Ich fand sie super geil...von mir aus nur noch die und Pcgh einstampfen..


----------



## KisteBier (22. Januar 2008)

fand die 01/08 ebenfalls gut gemacht, informative tests über aktuelle produkte, vergleichsmöglichkeiten und - keine werbung 

ein kleines problem hat sich so eben eingestellt - die dvd läuft um´s verrecken nicht bei mir ^^ gibt´s da irgendwo ersatz? ich wollt gerade testen, ob die höheren takte meiner 8800gts g92 stabil laufen und daher mal gucken, was sich so an benchmarks findet, bevor ich mir den kleinen 3dmark06 durch ne 3,5er leitung zerr... *grml*


----------



## der8auer (22. Januar 2008)

Einfach nur Top  War sehr interessant, vorallem der Teil übers Extrem-OCen  Mehr davon bitte


----------



## blueman (22. Januar 2008)

Wäre es nicht besser, nur einen Thread zu eröffnen?

hier

Gruß


----------



## darkniz (22. Januar 2008)

Die erste Ausgabe war sehr informativ und in einem guten Format. Am besten fand ich den Artikel über die extremen Kühlmethoden und das es wenig Werbung gab. Ich freu mich schon auf die nächste Ausgabe.


----------



## Bimek (22. Januar 2008)

War schon ganz OK, das Problem was ich aber sehe, ist, das es eigentlich nix neues gab...
Alles was in der zeitschrift stand, hat jeder "extreme" schon 100mal in irgendeinem Forum gelesen, selbst gesehen, selbst getestet...
Die DVD war auch überflüssig, die Tools darauf hatte eh schon jeder auf Platte / Stick.

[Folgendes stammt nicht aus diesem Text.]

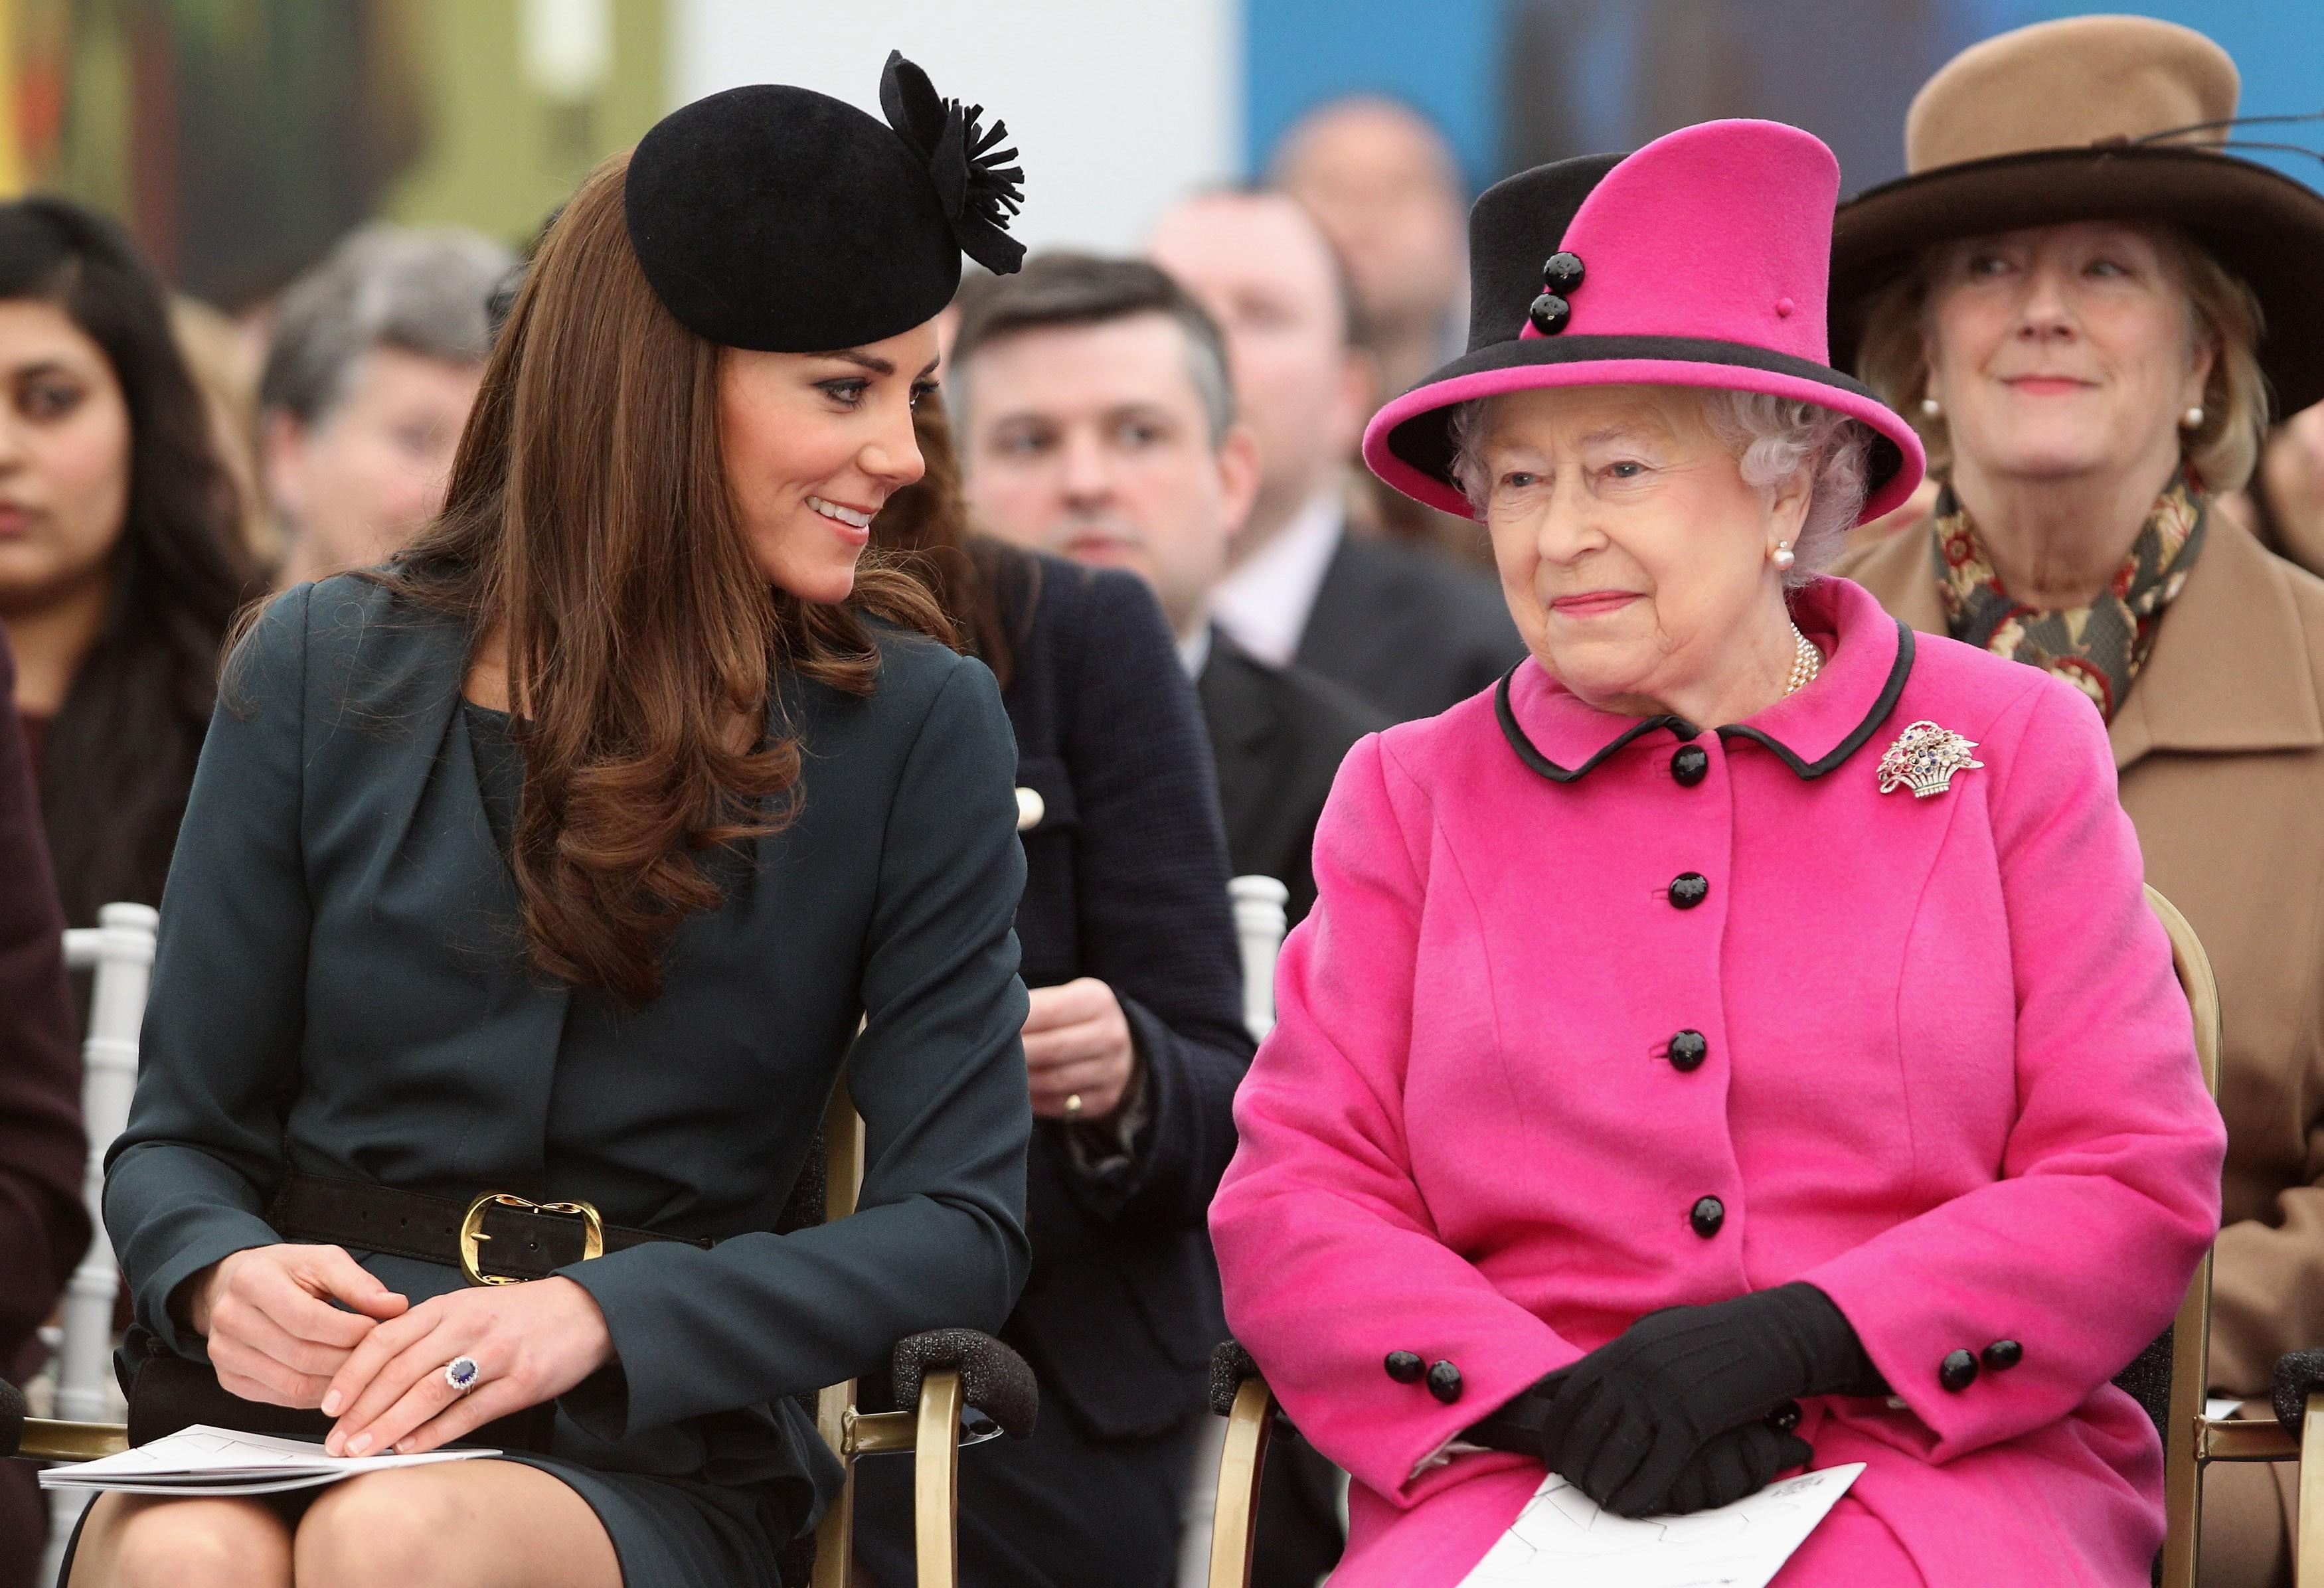 Kate Middleton com a Rainha Elizabeth 2ª (Foto: Getty Images)

Die Zeitschrift ist OK, aber ich werde die nächste wohl nicht holen.... ist mir persönlich alles zu sehr am "ich-will-auch-mal-übertakten" - Markt, und in wirklich allen Themen zu oberflächlich, nix wirklich tiefgehendes 

Ist aber Ok so, die Zeitschrift soll sich ja auch verkaufen, da muss man wohl auf die Masse zu gehen.... nur der Name "extreme" passt halt hinten und vorne nicht


----------



## Bimek (22. Januar 2008)

Overlocked schrieb:


> vor allem weil sie nicht so sperrig war. Vor allem die Vergleichtest der 8800gt mit der 8800gts refresh fand ich toll.

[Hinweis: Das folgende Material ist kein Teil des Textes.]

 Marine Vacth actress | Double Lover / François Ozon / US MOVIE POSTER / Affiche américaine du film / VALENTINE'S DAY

2 Seiten .. das wars.. das fandest Du "toll" ? 
Da war sicher massiv mehr drin.....


----------



## PCGH_Thilo (22. Januar 2008)

Bimek schrieb:


> War schon ganz OK, das Problem was ich aber sehe, ist, das es eigentlich nix neues gab...
> Alles was in der zeitschrift stand, hat jeder "extreme" schon 100mal in irgendeinem Forum gelesen, selbst gesehen, selbst getestet...
> Die DVD war auch überflüssig, die Tools darauf hatte eh schon jeder auf Platte / Stick.
> 
> ...



Beim ersten Heft wollten wir nicht gleich ganz in die Tiefe - wenn das hier Jemanden verschreckt hat, sollte er trotzdem das zweite Heft mal in die Hand nehmen


----------



## Overlocked (22. Januar 2008)

Bimek schrieb:


> 2 Seiten .. das wars.. das fandest Du "toll" ?
> Da war sicher massiv mehr drin.....



Dafür sehr informativ, fande ich. Vor allem für OC!


----------



## Wolverine_DH (23. Januar 2008)

War ganz ok! Wenn auch an verschiedenen Punkten ich etwas mehr Information vermisst hab (Die 8800gts 640MB im Vergleich zB.)! Was es aber beinhaltete war OK! Bin auf 2. Heft gespannt, Wasserkühlung ist für mich interresant! 

MFG

Wolverine_DH


----------



## Pokerclock (23. Januar 2008)

Mir gefällt insbesondere die/das Heftgröße/Heftformat. Bitte beibehalten! 
Wäre es eine Überlegung wert das Format für die PCGH zu verwenden?


----------



## Overlocked (23. Januar 2008)

Das wäre blöd, denn das würde dick werden. XD 
Stellt euch vor, die PCGH wäre 200 Seiten dick!


----------



## der8auer (23. Januar 2008)

Ich finde das Format echt super für das PCGHX Heft, solltet ihr beibehalten  Aber wie Overlocked halte ich nichts davon, das PCGH Heft auch auf dieses kleine Format zu quetschen.


----------



## Bimek (23. Januar 2008)

PCGH_Thilo schrieb:


> Beim ersten Heft wollten wir nicht gleich ganz in die Tiefe - wenn das hier Jemanden verschreckt hat, sollte er trotzdem das zweite Heft mal in die Hand nehmen



Ok, überredet...


----------